Just because your periods don’t stop during perimenopause doesn’t mean it can’t “have a big impact on your life, including relationships and work,” the NHS says.

Anxiety, mood swings, brain fog, hot flushes and irregular periods are common signs.

Don’t wait until you lose your period to see your GP about perimenopause symptoms if they’re affecting your life.

What are the symptoms of perimenopause?

The symptoms of perimenopause are the same as those of menopause, minus the absence of periods. Some women will experience them at different levels of intensity during menopause or perimenopause.

Some signs, like irregular periods, will be more noticeable during perimenopause.

A BMC Women’s Health study found that, on average, people experiencing menopause or perimenopause had about 10.7 symptoms.

Menopause care specialist Dr Naomi Potter previously shared 62 possible symptoms with HuffPost UK, which are:

  1. Palpitations
  2. Chest pain
  3. Breast tenderness
  4. Itchy skin
  5. Dry skin
  6. Rosacea
  7. Acne
  8. Thin skin
  9. Collagen loss
  10. Crying
  11. Brain fog
  12. Memory loss
  13. Poor concentration
  14. Difficulty finding the right words
  15. Anxiety
  16. Low mood
  17. Worsening PMS
  18. Anger or rage
  19. Irritability
  20. Headache
  21. Migraines
  22. Joint pain
  23. Joint stiffness
  24. Vaginal dryness
  25. Vaginal discharge
  26. Vulval itch
  27. Perineal itch
  28. Vulval/vaginal ‘electric shocks’
  29. Increase in thrush
  30. Increase in bacterial vaginosis
  31. Poor libido
  32. High libido
  33. Weight gain
  34. Hair loss (on your scalp)
  35. Unwanted hair growth
  36. Urinary infections
  37. Urinary incontinence
  38. Urinary urgency
  39. Nocturia (getting up at night to pee)
  40. Sexual dysfunction
  41. Chest tightness
  42. Constipation
  43. Gastric reflux
  44. Fatigue
  45. Night sweats
  46. Hot flushes
  47. Cold flushes
  48. Increased period frequency
  49. Decreased period frequency
  50. Heavier periods
  51. Muscle loss
  52. Tinnitus
  53. Dry eyes
  54. Watery eyes
  55. Burning mouth
  56. Gum disease
  57. Foot pain
  58. Frozen shoulder
  59. Insomnia
  60. Histamine sensitivity
  61. New allergy
  62. Body odour change.

What if I think I’m perimenopausal?

It bears repeating ― don’t wait until menopause begins to see your GP if you are experiencing symptoms, no matter what age you are.

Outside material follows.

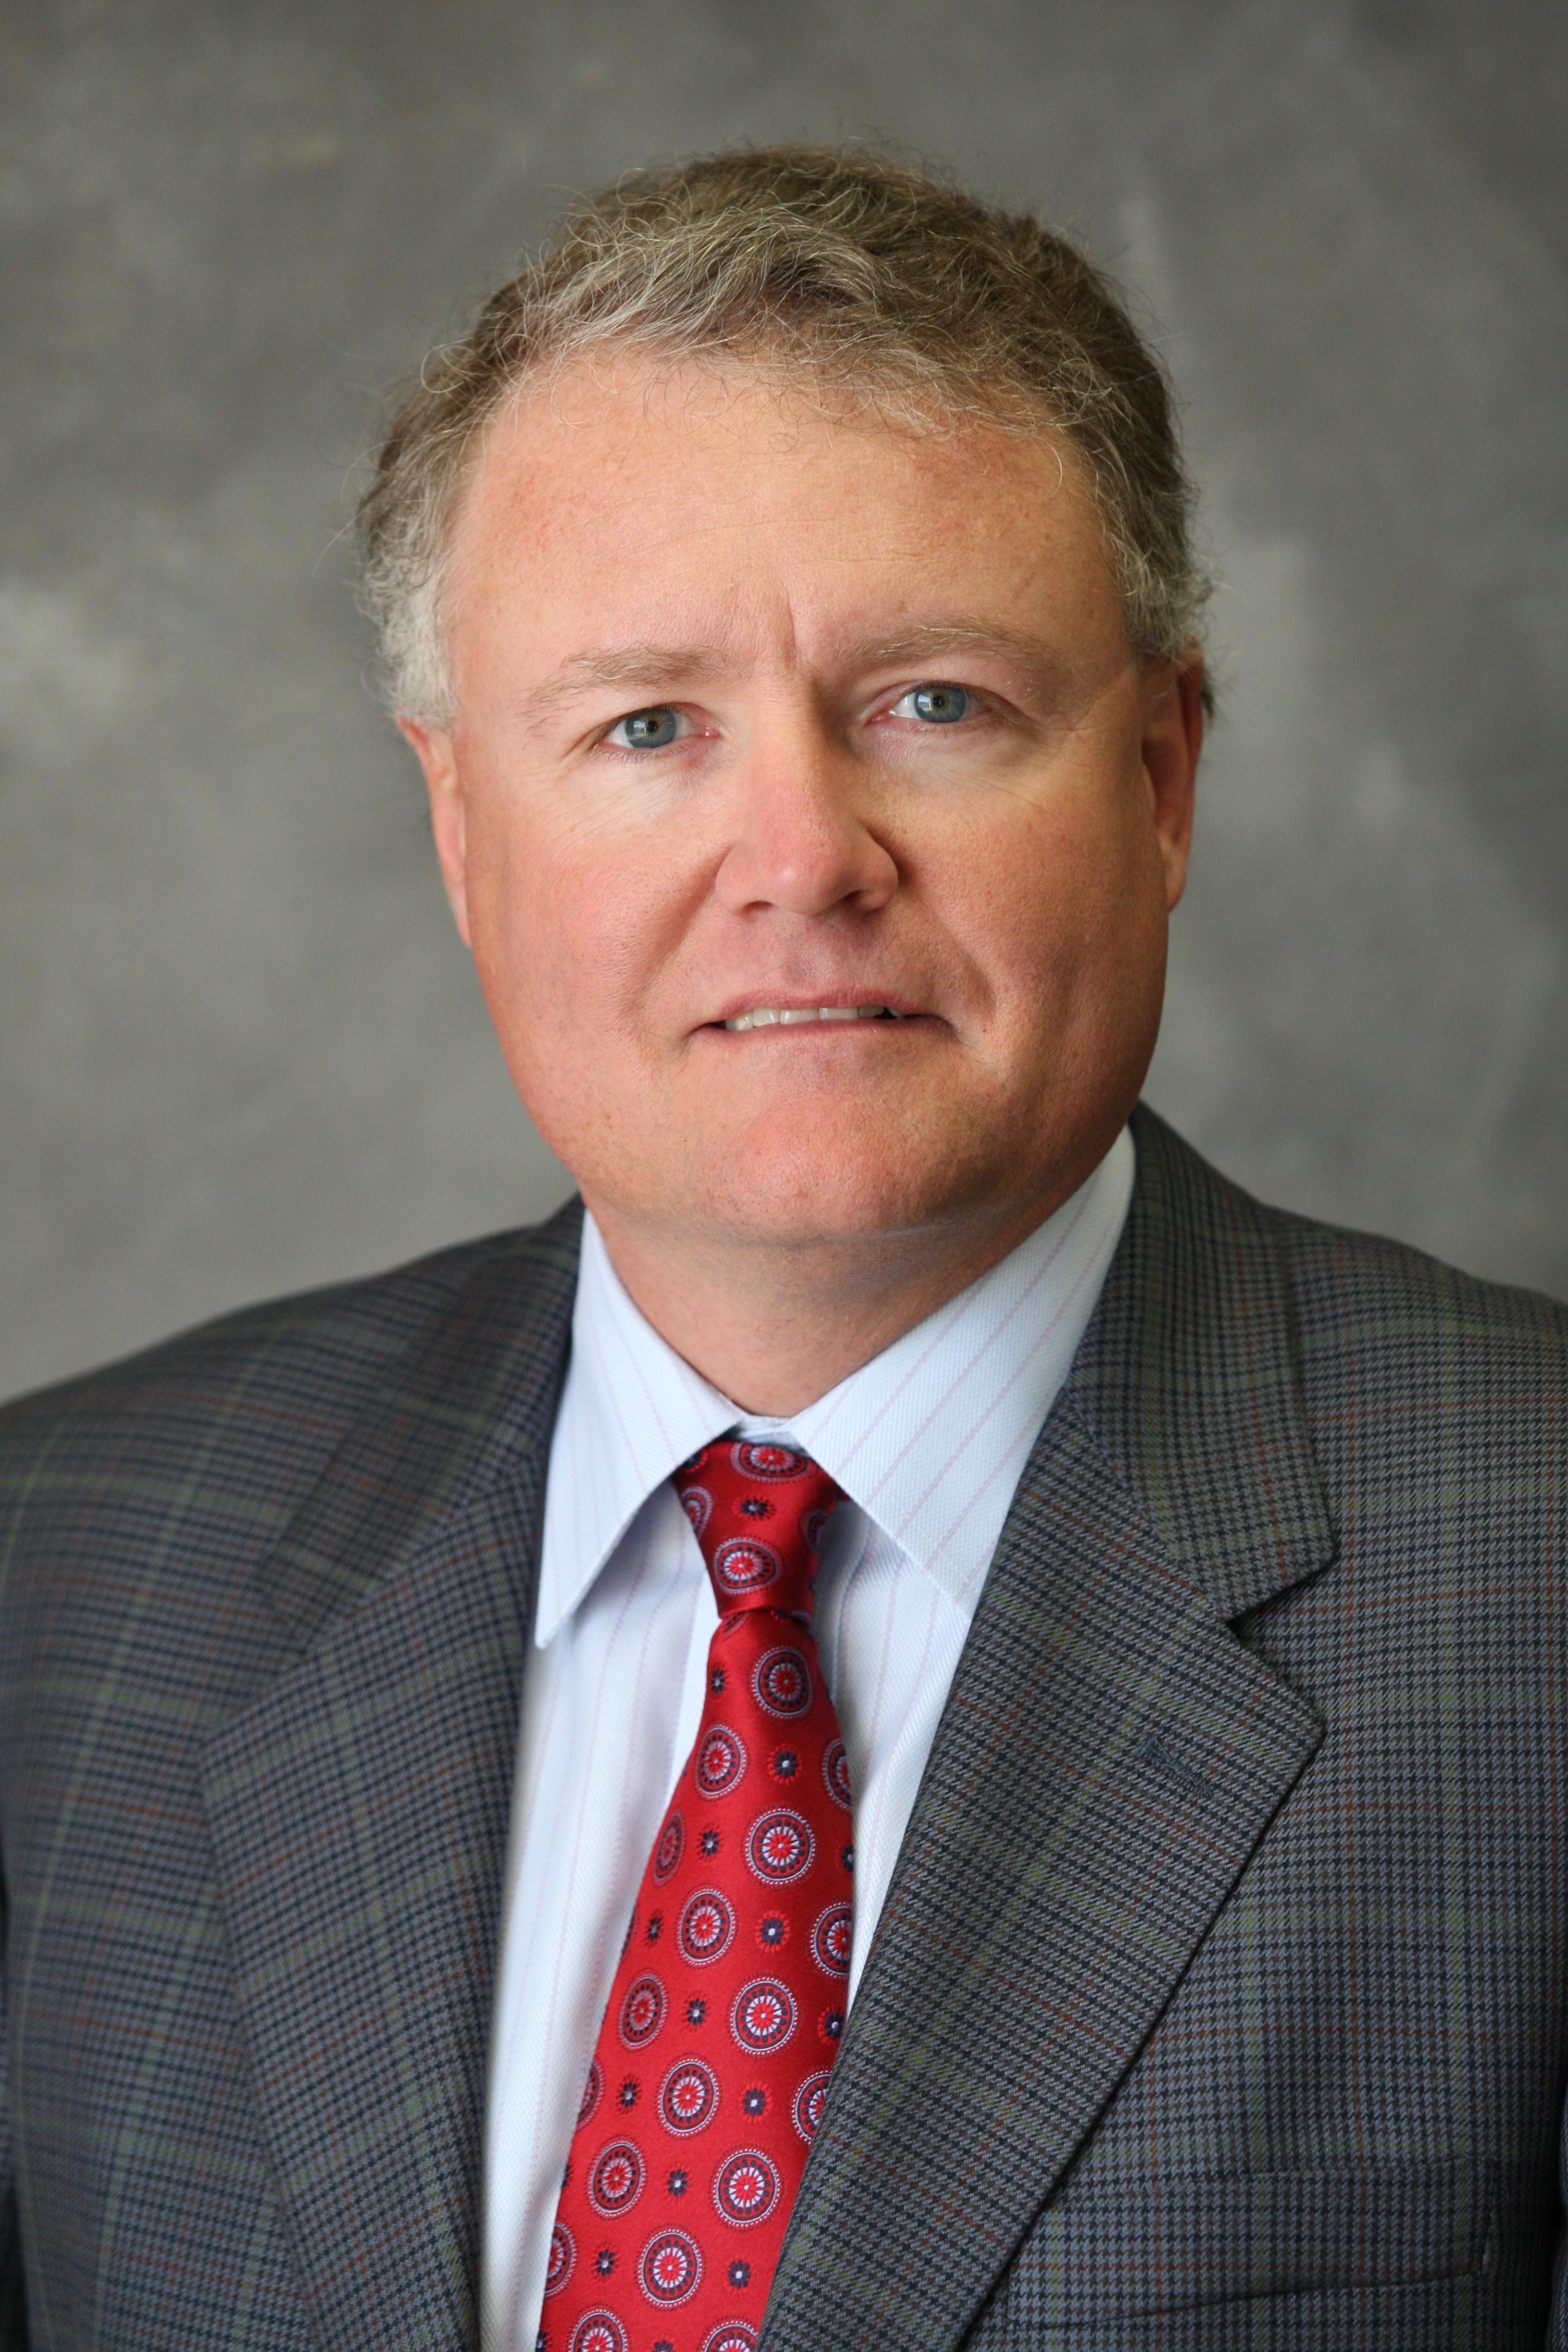 Joseph Cook, IV, MD

Even if you aren’t in perimenopause, the symptoms are worth investigating.

And if you are, hormone replacement therapy (HRT) can help replace the oestrogen and progesterone your body loses during menopause and perimenopause.

According to the NHS, “The main benefit of HRT is that it can help relieve most menopause and perimenopause symptoms, including hot flushes, brain fog, joint pains, mood swings and vaginal dryness”.

Dani has said, “I’m really glad that I went and I got help. My doctor was more than happy to put me on HRT, and I’ve been on it for about 18 months now”.

She says her symptoms have mostly gone, except for hair thinning and the occasional hot flush.

Your doctor can help you to work out which solutions are best for you, so speak to a professional as soon as you notice symptoms.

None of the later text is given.